*Task*: Pictures stay out. Everything else in the listing below gets written out exactly.

*Recorded information*:
--------------------------------------------------
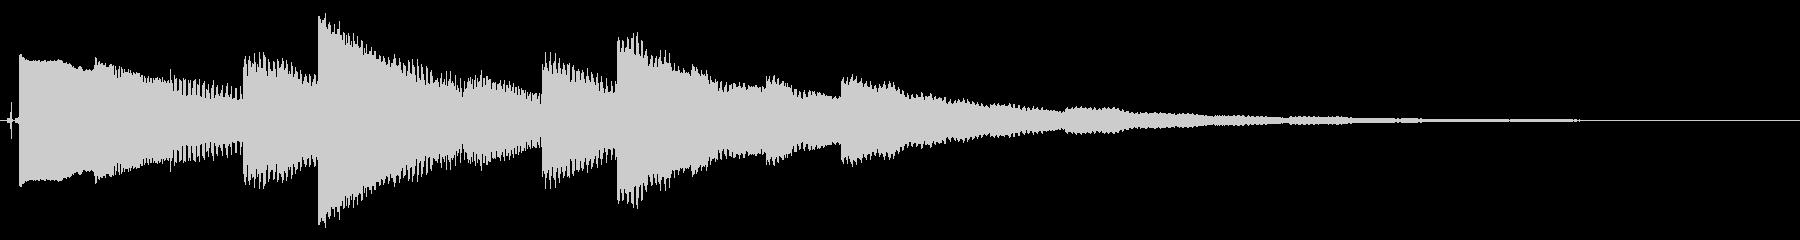 ベルの静かな場面転回音4の未再生の波形
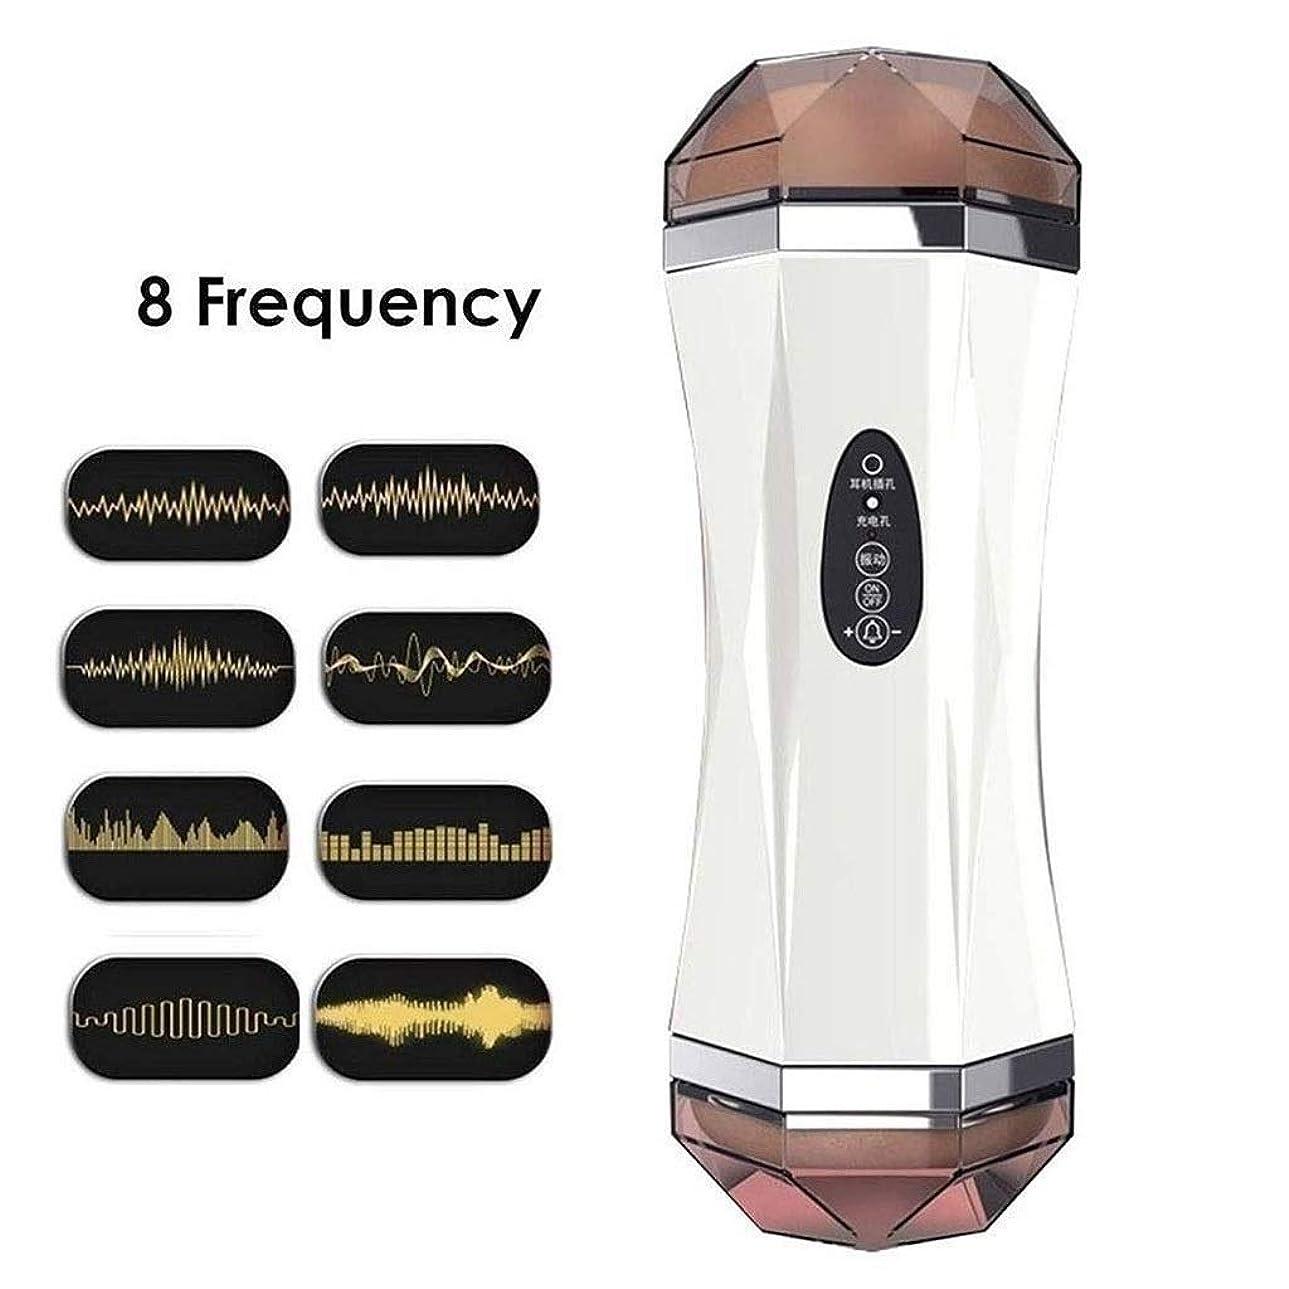 感情ライラック苛性男性遅延トレーナー吸いマッサージャーUSB 8周波振動と音声対話電子マッサージカッププライベートな包装と充電
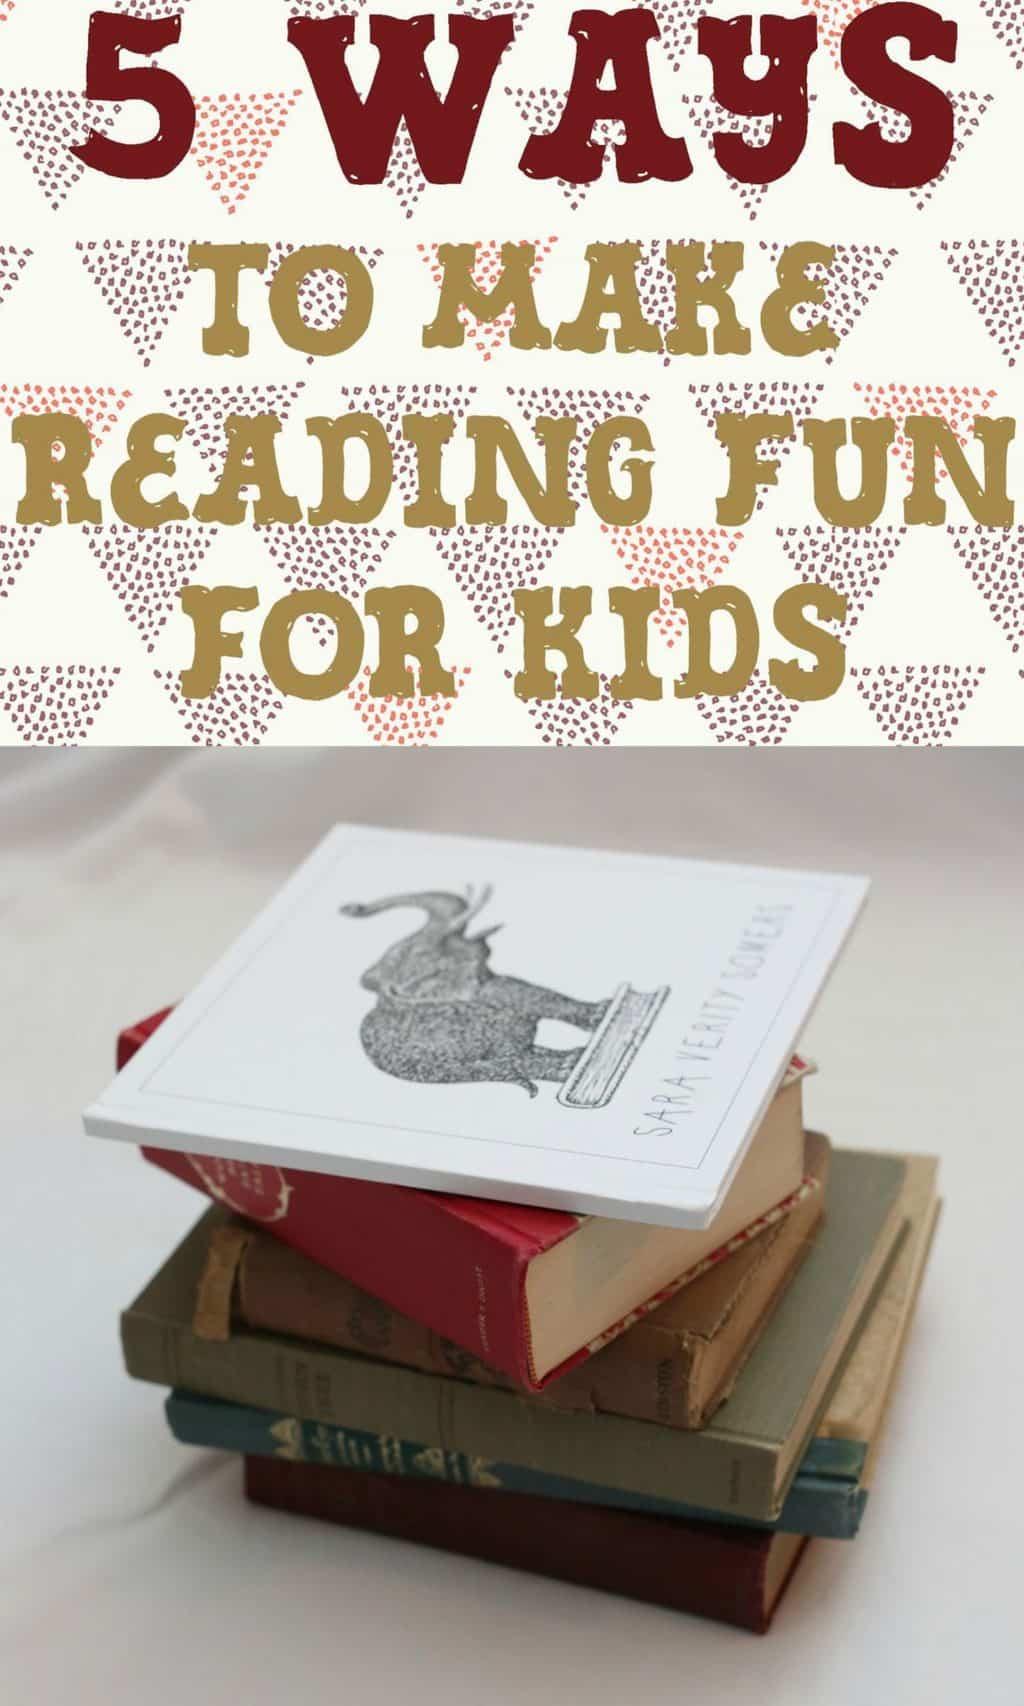 make reading fun for kids
--------------------------------------------------
*Response box*:
 ベルの静かな場面転回音4の未再生の波形
 感情ライラック苛性男性遅延トレーナー吸いマッサージャーUSB 8周波振動と音声対話電子マッサージカッププライベートな包装と充電
 make reading fun for kids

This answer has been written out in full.